When you're only measuring to the nearest half degree, the difference between a cold 80 K and a hot 80.5 K could be as near 1 K as makes no difference. Unless there was a really good reason for pulling the plug the very instant it looked like you might have scraped over the line, I'd have been cautious too.

A.
 
The typical way that requirement is specified is that the object under test must remain within the allowable rise limitation (in your case, 1 K) for TWO consecutive measurement intervals (in your case, 1 hour). This means it remains stable for an extended period of time (at least 2 hours, in your case - where the temperature difference between time 1 and time 3 is within the limit). Alternative specifications can include 0.5 K/30 min ... in which case, the measurement must remain within 0.5 K for 1.5 hours.

The reason for this is that sometimes things reach a temporary thermal plateau - and then keep going up. Just because they are on the plateau does not mean thermal equilibrium is reached.

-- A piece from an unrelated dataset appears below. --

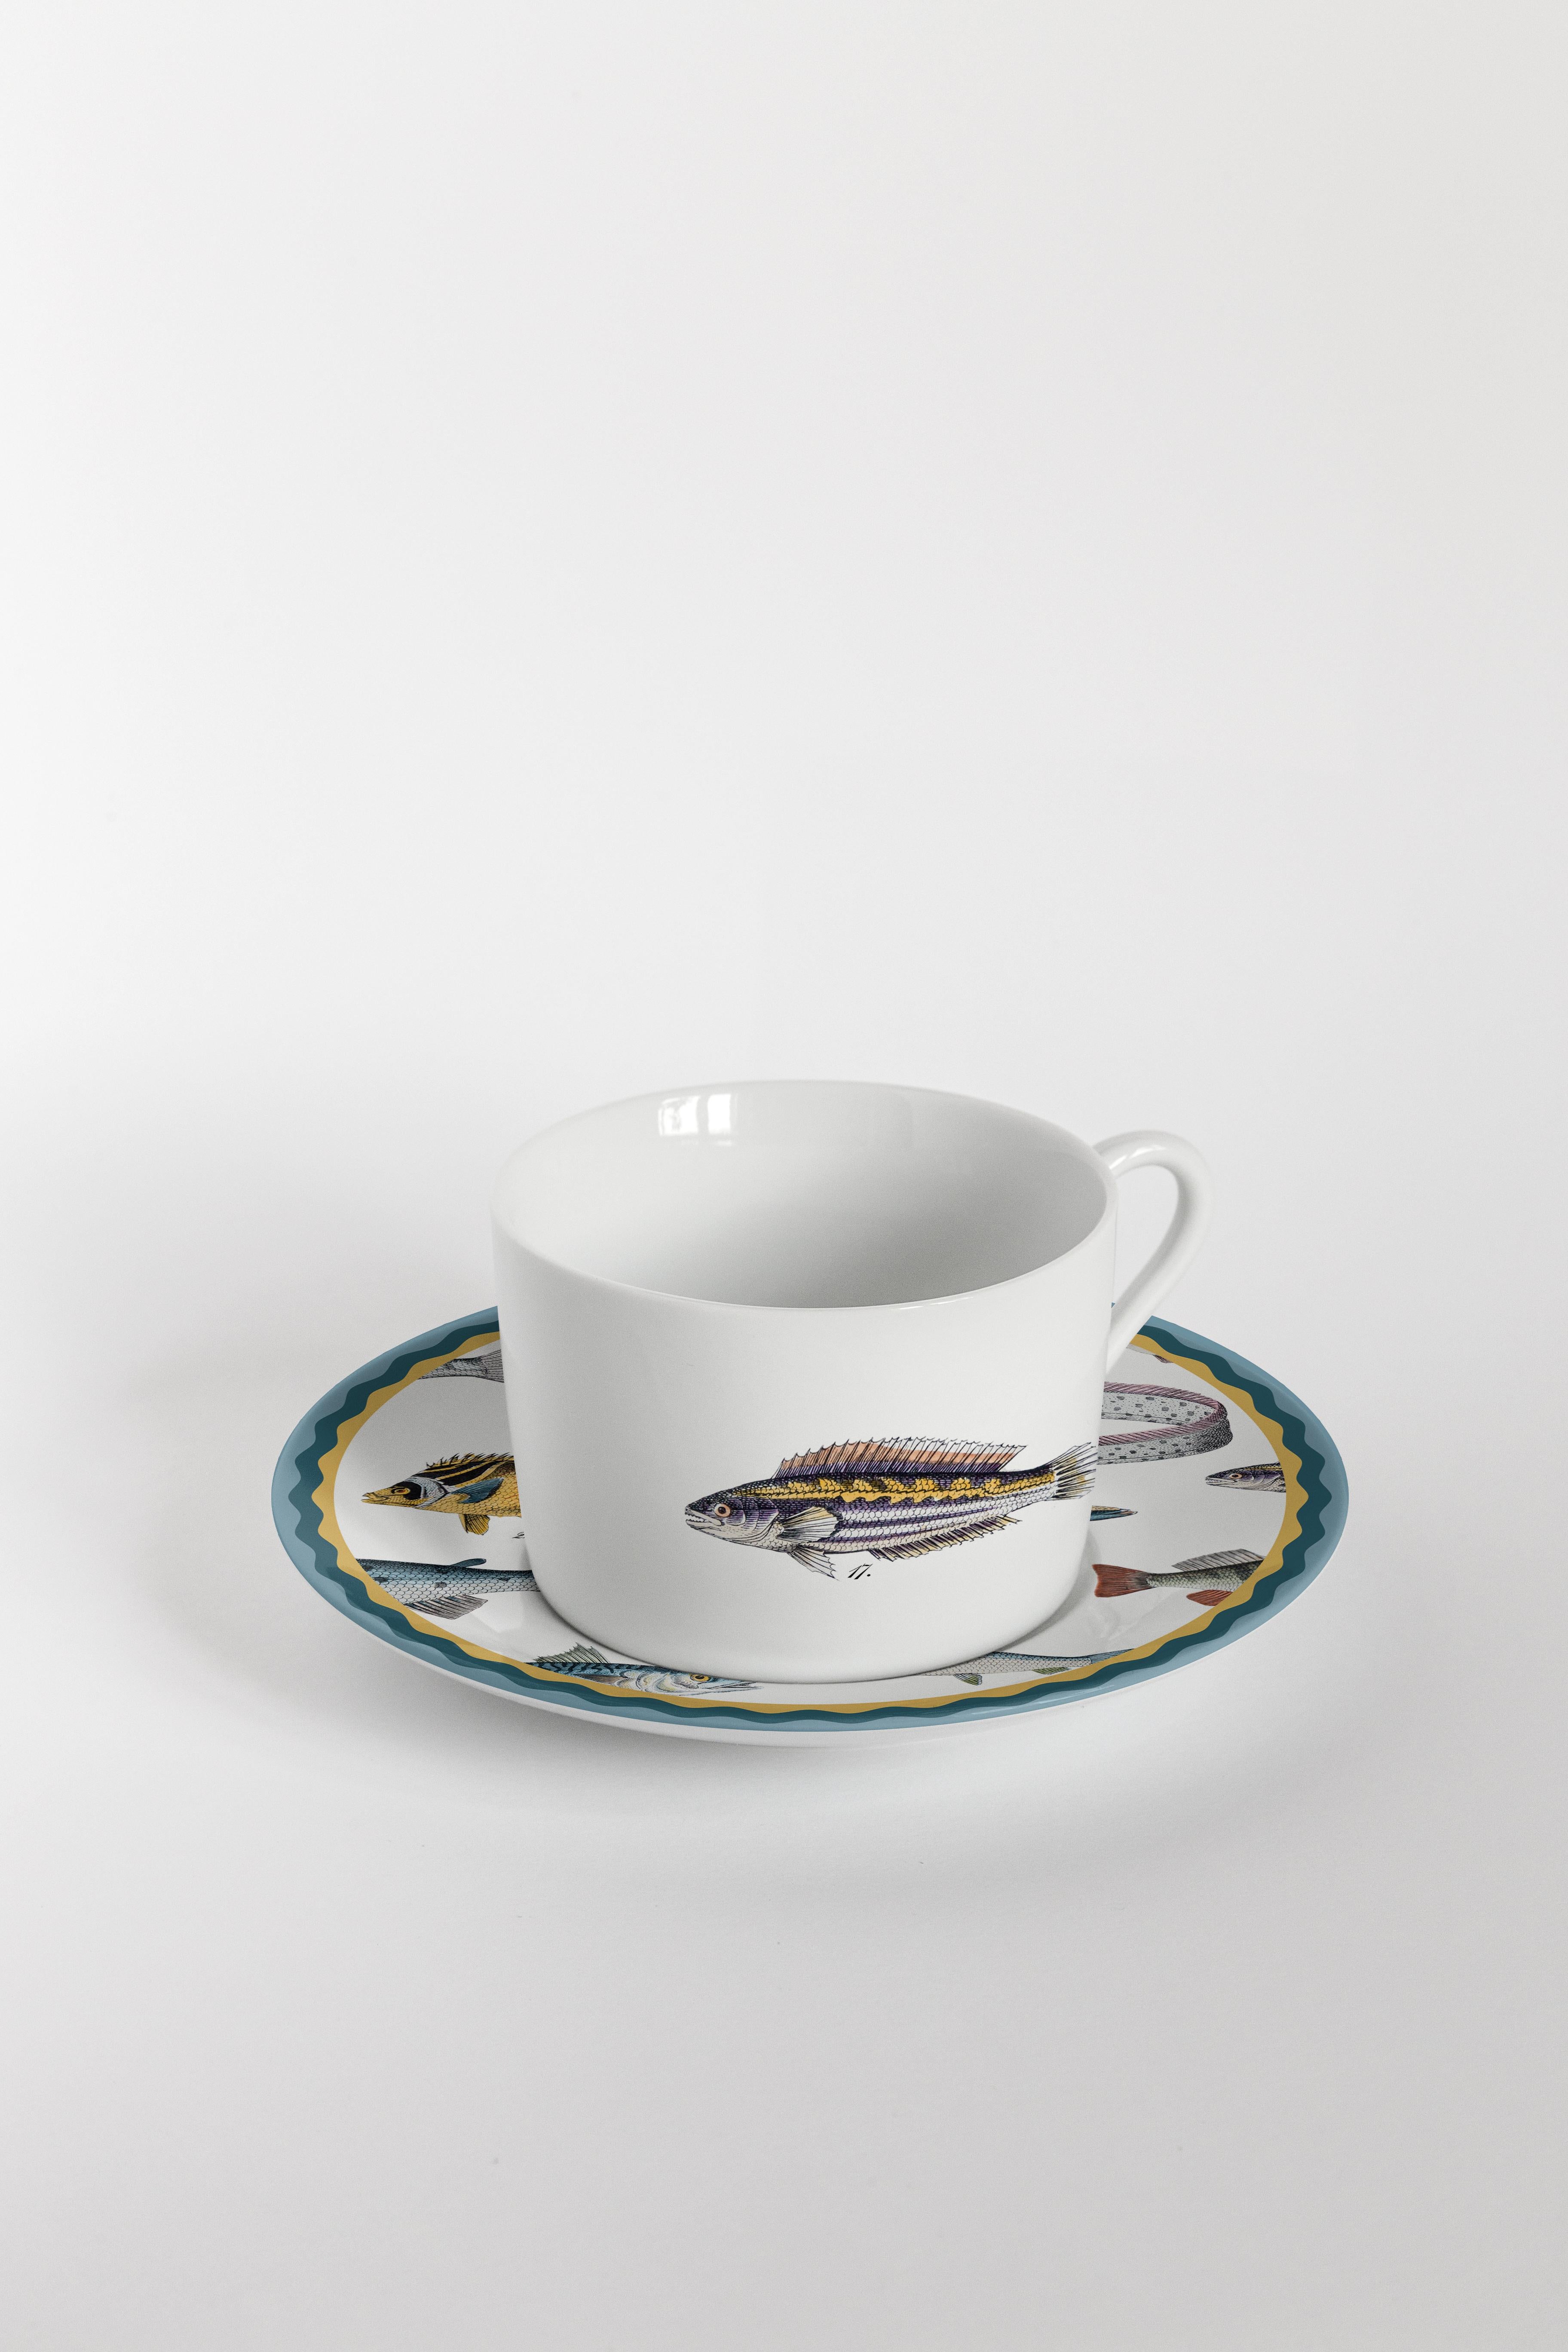 Cabinet De Curiosités, Six Contemporary Decorated Tea Cups with Plates For Sale 2

Converting energy to motion for more than half a century
 
@Gr8blu

Thanks for writing. However, if I go word by word, the IEC haven't mentioned about TWO consecutive measurement interval. The one measurement interval (i.e. per hour) is sufficient to establish that the temperature is constant on the reasonable assumption that the range will only be asymptotically shrinking down to some thermal noise level.

 
Two measurements are required to remove the effects of any random measurement error. When one dries something to "constant weight", for example, two intervals of no weight change are required to confirm that the sample is,in fact, dry. This is a basic scientific procedure to insure that the measurement is correct.
 
Actually Kid, the important part is not just meeting the criteria at ONE measurement point. It is about meeting it at ALL measurement points SIMULTANEOUSLY. For a switchgear bank, the instrumented surfaces would likely be a representative selection of the bus work in each sub-compartment of the gear, the gear enclosure surface (inside AND out), the ambient cooling medium (inside the compartment(s) and the greater room-at-large in proximity to the gear), maybe some specific joints where bus work is connected, maybe on certain discrete devices within the enclosure, etc. The chances of ALL of them reaching equilibrium (which is what the rise-per-specified-period is supposed to represent) at the same time is pretty much non-existent. On top of that, the reasonable assumption is that thermal plateaus are inevitable - it just is a matter of where they occur, and for what duration they exist.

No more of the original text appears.